There may come a time when your life is full of questions.
Why now?
Why this?
Why me?
Why NOT me?
These questions come in times of struggle, of frustration, of life taking (taunting?) you in directions you don’t want to go.
You might get emotional, and it’s hard to think straight when you do.
The words “grit”, “resilience” and “persistence” might leap out of whatever you’re reading or watching in your uneasiness. In response, you might find yourself gritting your teeth, resiliently laying under the covers and reaching for chocolate with noteworthy persistence.
It can feel that the universe doesn’t have your back; instead it’s trying to break it.
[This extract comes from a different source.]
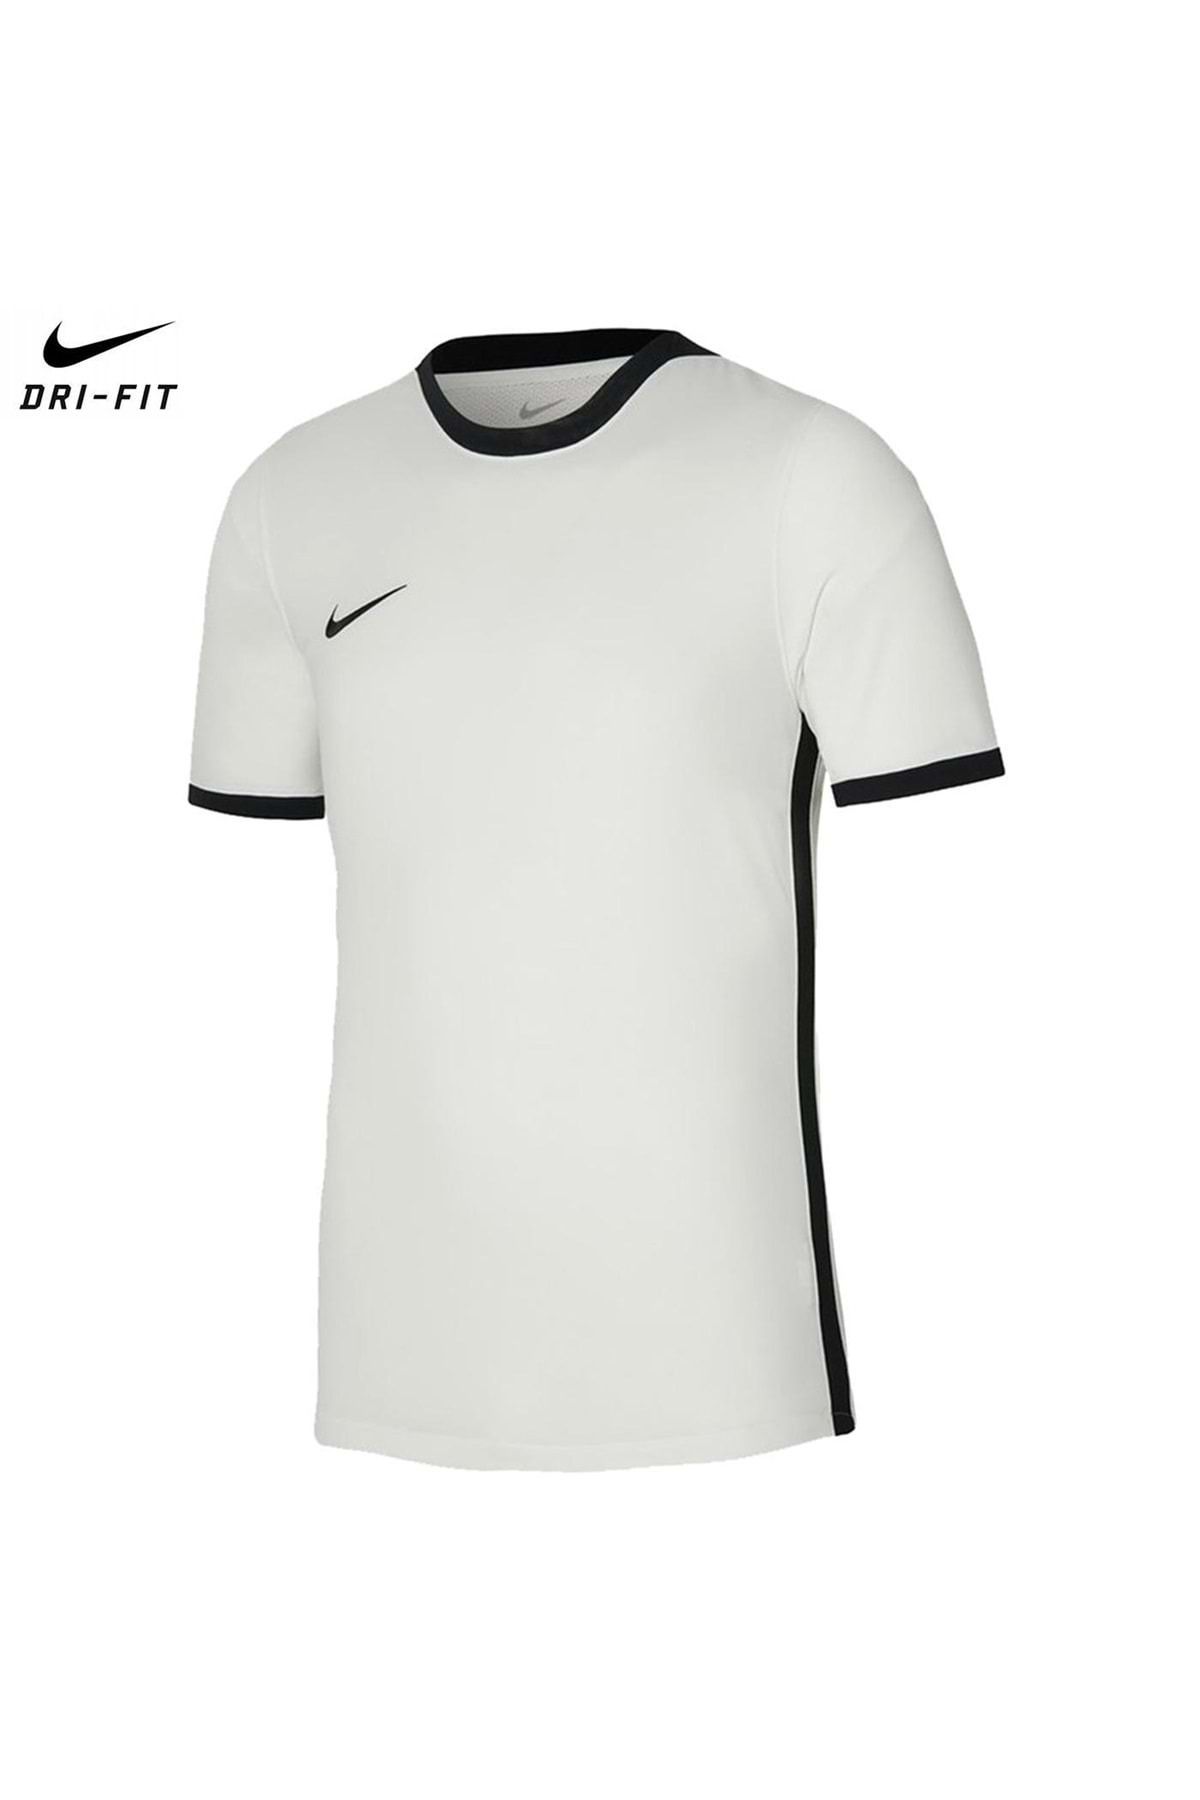 Nike Dh7990-100 Dri-fıt Challenge Iv Tişört Erkek Futbol Forması Beyaz
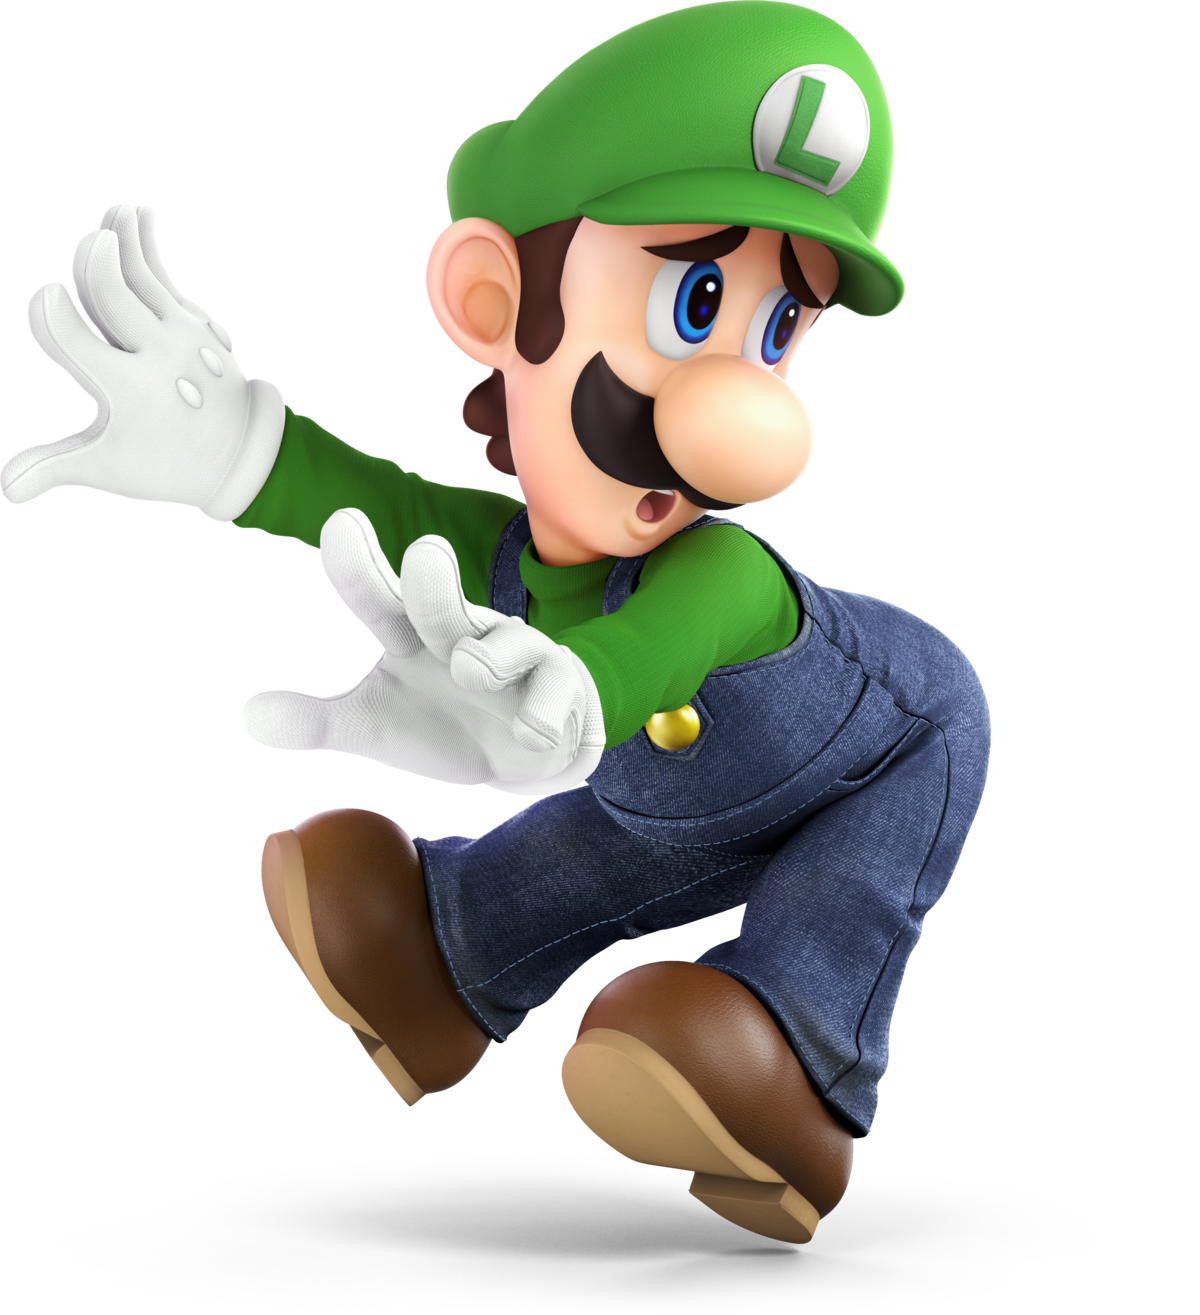 Luigi (personaggio) - Wikipedia

In these times I lose all hope for the very thing I’m supposed to have: strength. In fact, the word itself loses meaning in the turmoil of my mind. The sea is too choppy, the waves are big and I feel small.
And when I’m feeling small, I believe the biggest lie – that I need something big to save me.
A miracle, a divine intervention, a sign so big even my small, cloudy eyes can see it.
But it doesn’t happen. The waves of the sea, of life, still rage on.
Now, even in my panic, in my urgency, I am forced to acknowledge that I have only two options.
Sheer force of will – where I muster up a superhuman force to knock sense into my own head, stop wasting my energy panicking and start doing things that are useful, sensible, that might – just might – work. Even if they don’t, they keep me moving.
Sheer force of habit – where I muster up a human force to knock sense into my own head, stop wasting my energy panicking and start doing things that are useful, sensible that might – just might – work. Even if they don’t, they keep me moving.
The only difference is, in times of a storm, you’re more likely to follow through on the latter, because while you’re capable of drawing superhuman strength, it’s not something you can sustain or bring forth as often as you might need to.
Habits outlast willpower any day, any time, in any storm.
A few bumps and bruises later, I tend to get more clear-headed. I’ve been through tough times before, I remember.
I pick myself up, and take a step.
The universe is still watching me. I know I have to keep moving.
Occasionally, it gives me a hand. I know I have to keep moving.